The remaining sections describe the Xenium output bundle files for each analysis run.
The experiment.xenium
is an experiment manifest file in JSON format that includes experiment metadata and relative file paths to other data files in the output folder needed by Xenium Explorer to visualize results.
Field | Description |
---|---|
major_version | Indicates major version of analysis output file formats read by Xenium Explorer |
minor_version | Indicates minor version of analysis output file formats read by Xenium Explorer |
patch_version | Patch version of analysis output file formats read by Xenium Explorer |
run_name | User-specified Run Name entered on instrument |
run_start_time | Instrument run start time |
region_name | User-specified name for region selected on instrument |
preservation_method | User-specified sample preservation method |
num_cells | Cells detected by Xenium Onboard Analysis pipeline |
transcripts_per_cell | Median transcripts per cell calculated by Xenium Onboard Analysis pipeline |
transcripts_per_100um | Transcripts per 100 µm2 calculated by Xenium Onboard Analysis pipeline |
cassette_name | User-specified Xenium Cassette Name entered on instrument |
slide_id | User-specified Xenium Slide ID entered on instrument |
panel_design_id | Panel design ID specified by panel selection on instrument (additionally panel_predesigned_id is included for add-on custom panel designs) |
panel_name | Panel name specified by panel selection on instrument |
panel_organism | Sample organism specified by selected gene panel |
panel_tissue_type | User-specified tissue type selected on instrument |
panel_num_targets_predesigned | Number of gene targets from the pre-designed gene panel |
panel_num_targets_custom | Number of gene targets from add-on custom panel if included in panel design |
pixel_size | Pixel size in the morphology.ome.tif image file (in µm) |
instrument_sn | Xenium Analyzer instrument serial number |
instrument_sw_version | Version of the Xenium Analyzer firmware used during analysis run |
analysis_sw_version | Version of Xenium Onboard Analysis pipeline used to analyze data |
analysis_uuid | Instrument metadata |
experiment_uuid | Instrument metadata |
cassette_uuid | Instrument metadata |
roi_uuid | Instrument metadata |
z_step_size | Z-step size (in µm) used for subsampling the morphology.ome.tif image Z-stacks |
well_uuid | Instrument metadata |
calibration_uuid | Instrument metadata |
segmentation_stain | Specifies the stain method selected on instrument for cell segmentation ("Xenium Multi-Tissue Stain" or "Nuclei (DAPI)"). |
images | Specifies the file paths to the morphology image files; used by Xenium Explorer to find input files |
xenium_explorer_files | Specifies the file paths to transcript, cell, secondary analysis, and analysis summary files; used by Xenium Explorer to find input files |
xenium_ranger | If the data was reanalyzed with Xenium Ranger, this section specifies the run_id , Xenium Ranger version, and commands used to analyze the data. |
The Xenium onboard analysis pipeline outputs an interactive HTML file named analysis_summary.html
. Open it on-instrument, in a web browser, or in Xenium Explorer. It contains summary metrics and automated secondary analysis results. Any alerts issued by the pipeline are displayed at the top of the page.

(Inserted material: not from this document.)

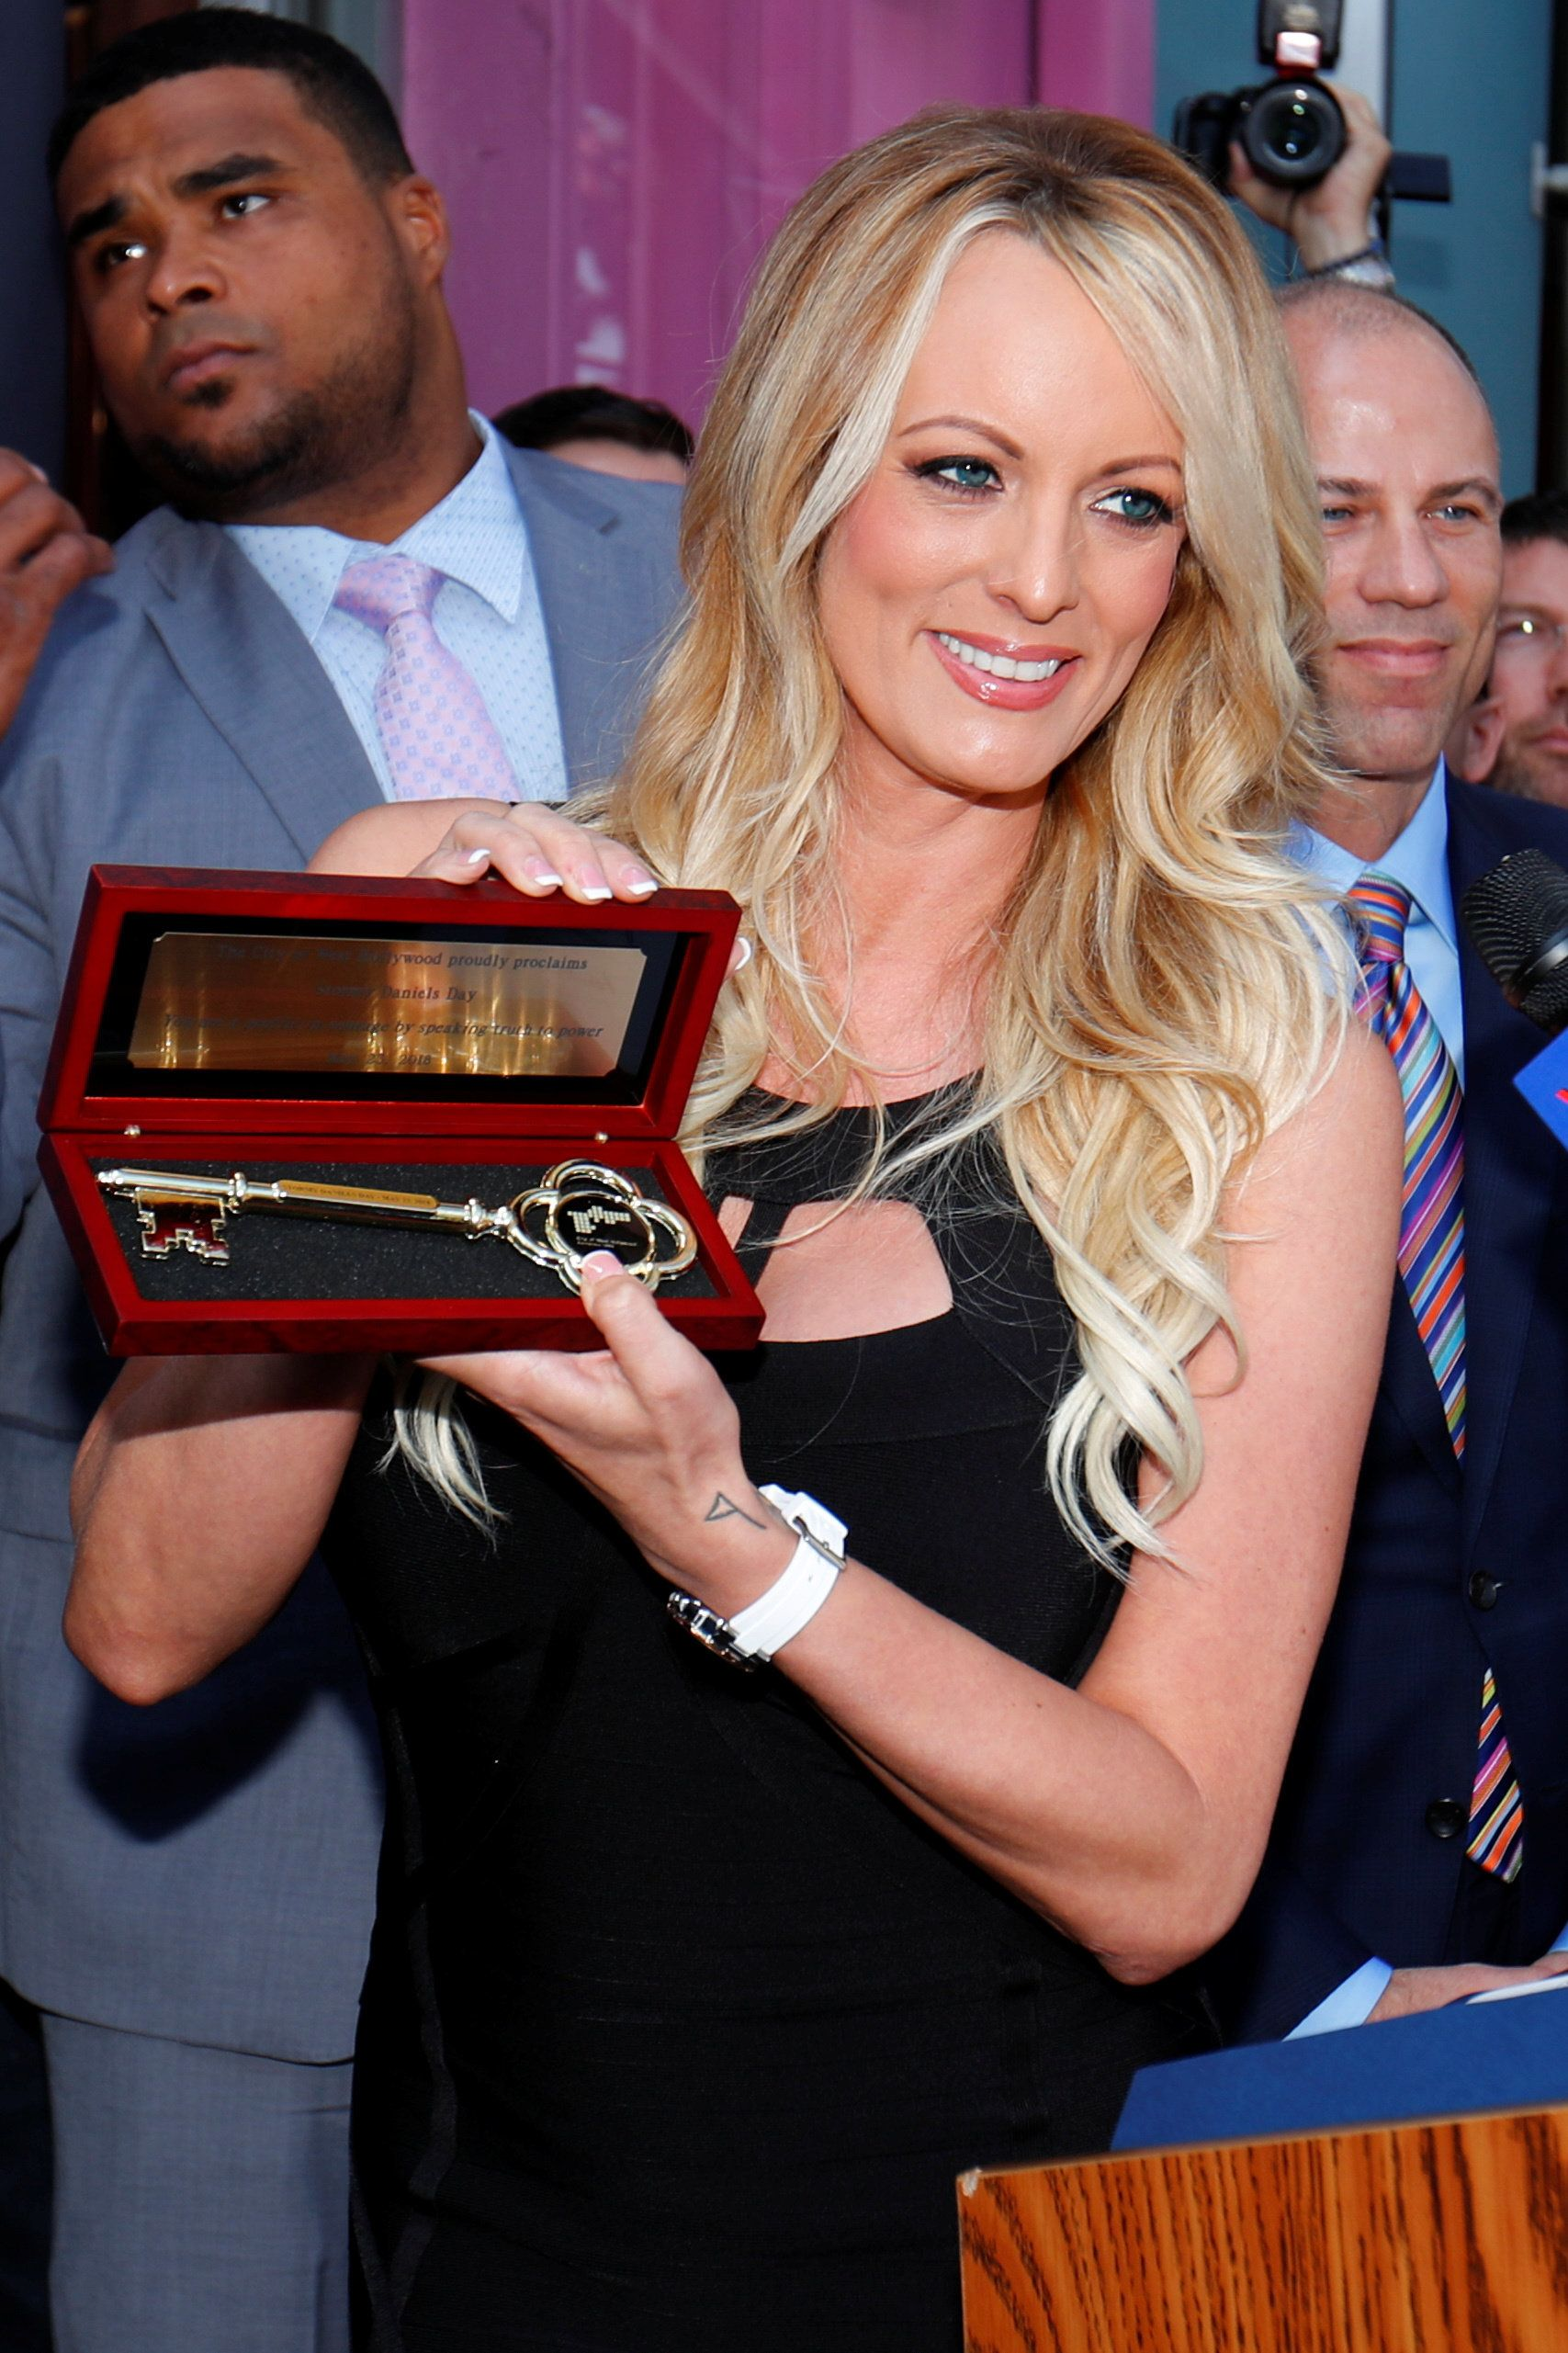 Adult film star Stormy Daniels receiveda keyto West Hollywood, California, on Wednesday fortaking on Presid

There are four clickable tabs that capture different information:
- The Summary tab contains summary metrics, images, and experiment information for a quick overview of the data.
- The Decoding tab contains more specific transcript decoding metrics.
- The Cell Segmentation tab shows the metrics for cell segmentation and partitioning transcripts into single cells.
- The Analysis tab captures the results from the pipeline's secondary analysis run on single cell data.
- The Image QC tab contains two galleries. One for downsampled morphology stain images and a second for the RNA images for each cycle and channel.
Click the ?
at the top of each dashboard for more information about each metric. For detailed descriptions and guidance on interpretation, see the Overview of the Xenium Analysis Summary documentation.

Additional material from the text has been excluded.